Most interesting in this context is an image of a mounted figure, in Islamic dress, spearing a snake. The meaning of the rider is part of a larger debate, taking place since the early 1990s, over the purpose behind Beatus's compilations and their popularity throughout Christian Spain in the succeeding centuries.

=== Anti Islam interpretation ===
The image seems out of place, given that the snake is typically a symbol of Satan in Christian iconography. It can, however, also represent wisdom, forcing the viewer to ask whether the mounted figure is a Mudejar, destroying the embodiment of Christian wisdom, or a Mozarab, destroying evil: which points to a rather complex and ambivalent view of Mozarabs at the time. To further complicate interpretation, the idea of the Christian as a "cunning serpent" was prominent in the Cordovan martyrs’ movement.

=== Political interpretation ===
The manuscript can be regarded as an incitement of Christian resistance to Muslim rule in the south; the Christian eschatology predicting the fall of the godless kingdoms and the restoration of captive Israel resounded strongly with the Asturians, who by the time of Beatus had only recently gained enough strength to take a stand against Al-Andalus and claim the old Visigothic kingdom as their heritage.

In the image of the rider and snake, the snake appears to be unharmed, indicating the rider to be unambiguously Islamic, and the image is an exhortation to Christians in Al-Andalus not to fear martyrdom.

In that context [of the Christian stand-off with Islam], his commentary on the apocalyptic visions of John the Divine took on the nature of a political book, since its contents... could be applied directly to the contemporary struggles against those who were perceived as the heathen. The richly illustrated codices... thus articulated an ideology which was at once nationalist and theological.

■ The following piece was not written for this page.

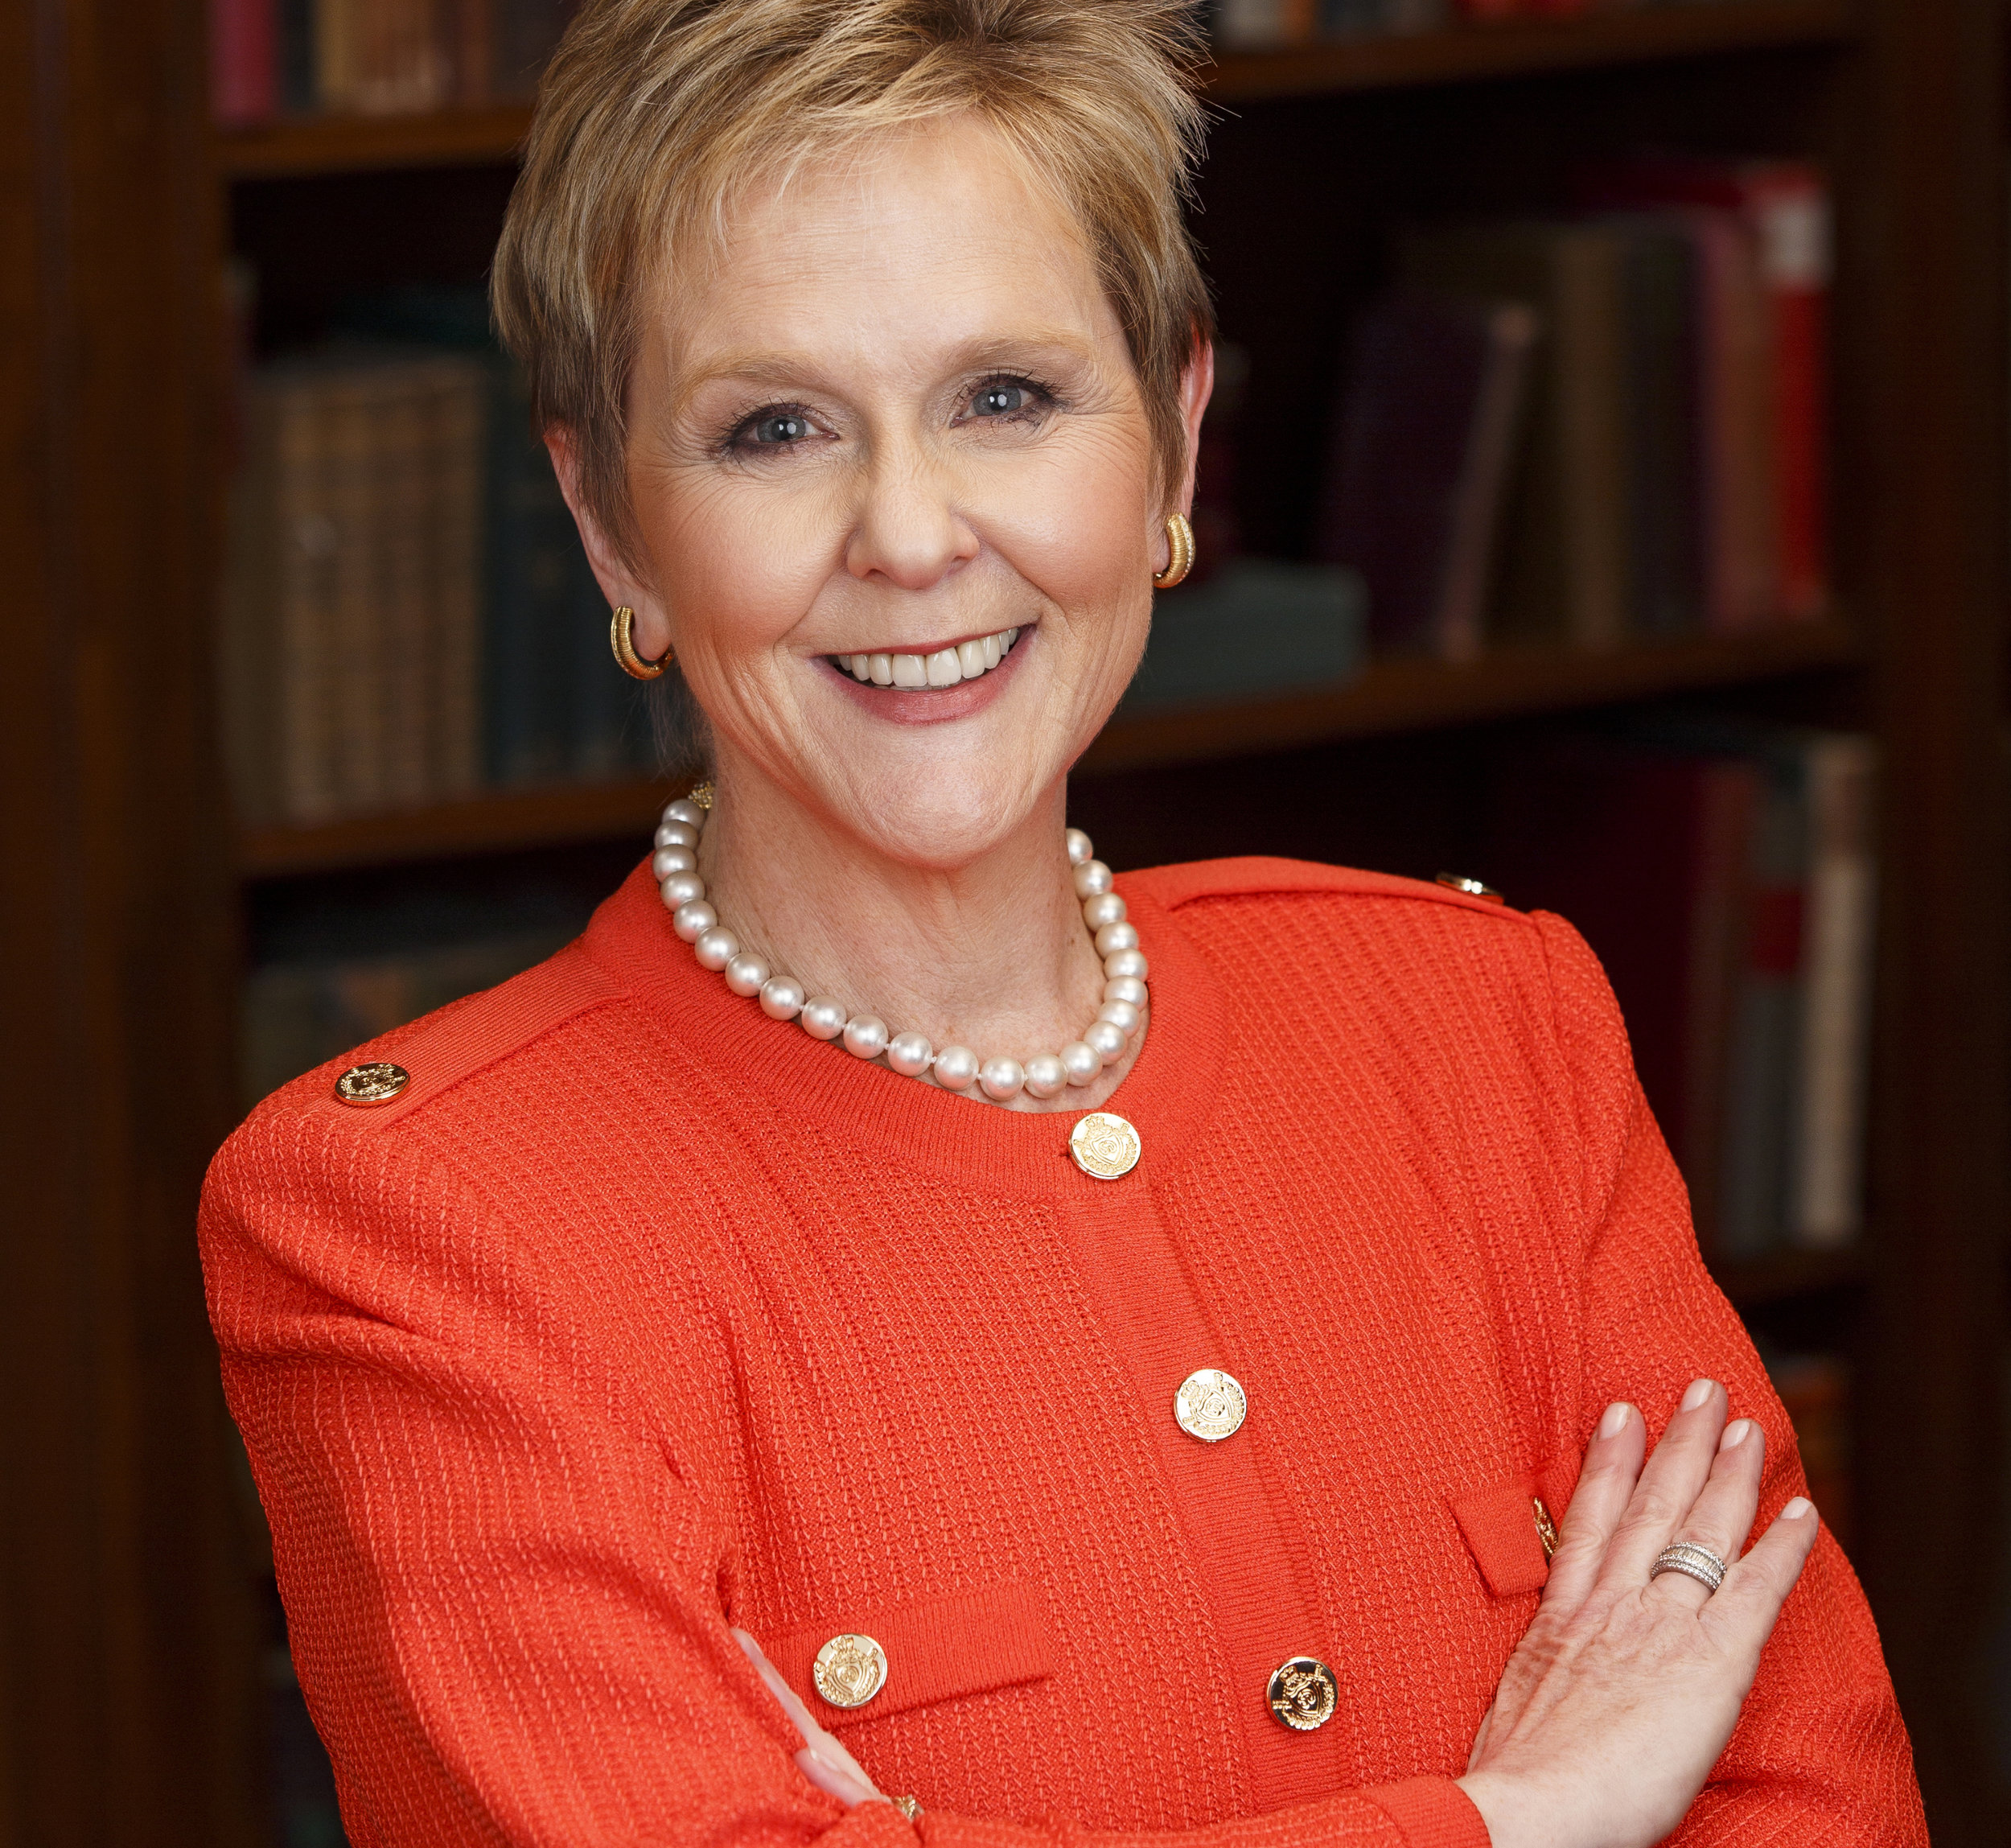 Eileen-Heisman-headshot3-crop1.jpg

However, all of Beatus's sources were composed prior to the rise of Islam in Spain, and, while it may have been possible for a reader to interpret the events of the Apocalypse in reference to Islam, there is a marked absence of contemporaneous anti-Islamic rhetoric. Indeed, ... simple proximity to Islam by no means guaranteed Christian attention to it. In the case of Spain, the earliest attempts to comprehend Islam date from almost a century after the conquest, well after the manuscript's production.

=== Anti-adoptionism ===
Beatus is famous for his support of Asturian opposition to the doctrine of Adoptionism, proclaimed by the bishop of Toledo and declared by Asturias as heresy, and it has been suggested that the manuscript reflects his orthodox stance against the doctrine. To the Asturians, Adoptionism was a form of compromise with the Islamic invaders and Beatus, who later composed a tract attacking Adoptionism directly, may be believed to express some of the same thought in his Commentaries.

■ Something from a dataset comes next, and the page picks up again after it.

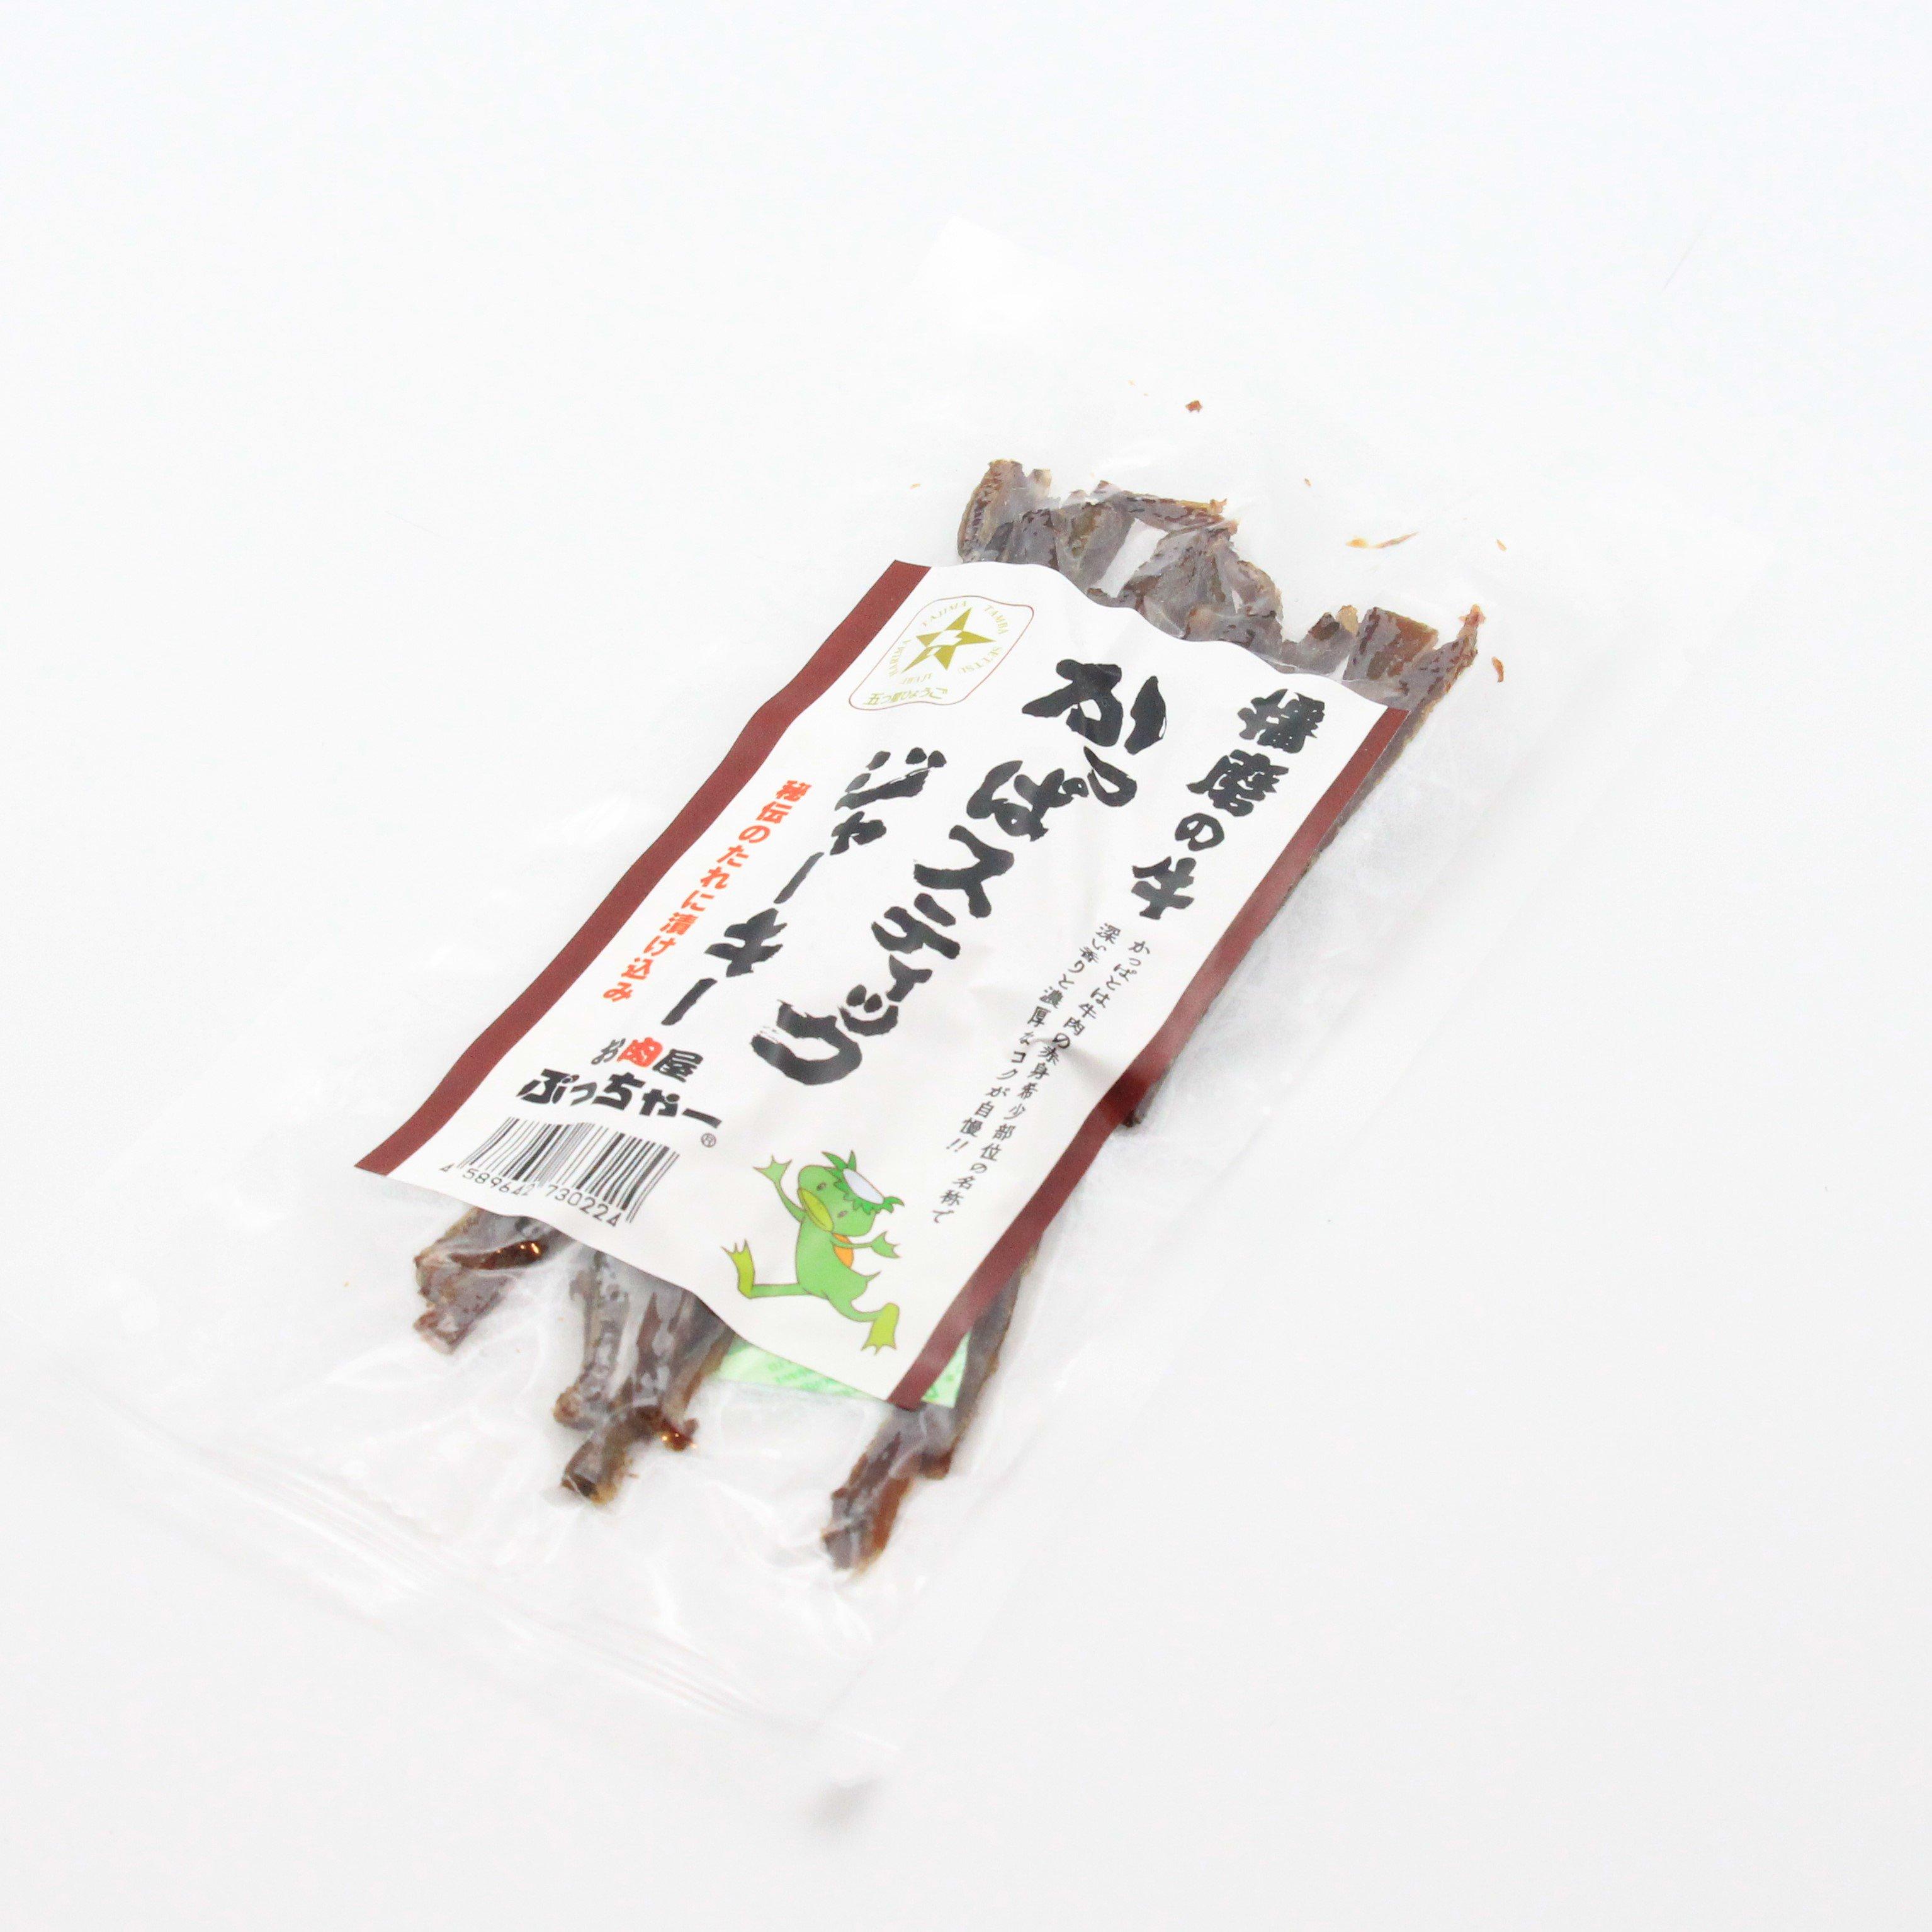 ぶっちゃー株式会社/播磨の牛 かっぱのスティックジャーキー(30g) 【五つ星ひょうご認定】

The first edition compilation was completed prior to the Adoptionist controversy, and it is therefore unlikely that Beatus intended the manuscript to stand as an indictment of the doctrine.

=== Millenniary fears ===
Beatus's own chronological computations placed the end of the sixth age of the world, and the start of the events of the Apocalypse, in the year 800. It seems likely that the possible approaching end of the world was the impetus behind the production of the manuscript. Klein quotes Maius, the artist of the Morgan Beatus, who had written in the colophon that he painted the pictures so the learned may fear the coming of the future judgement and of the world’s end. For Klein, this is a fairly strong proof of millennialist anxieties.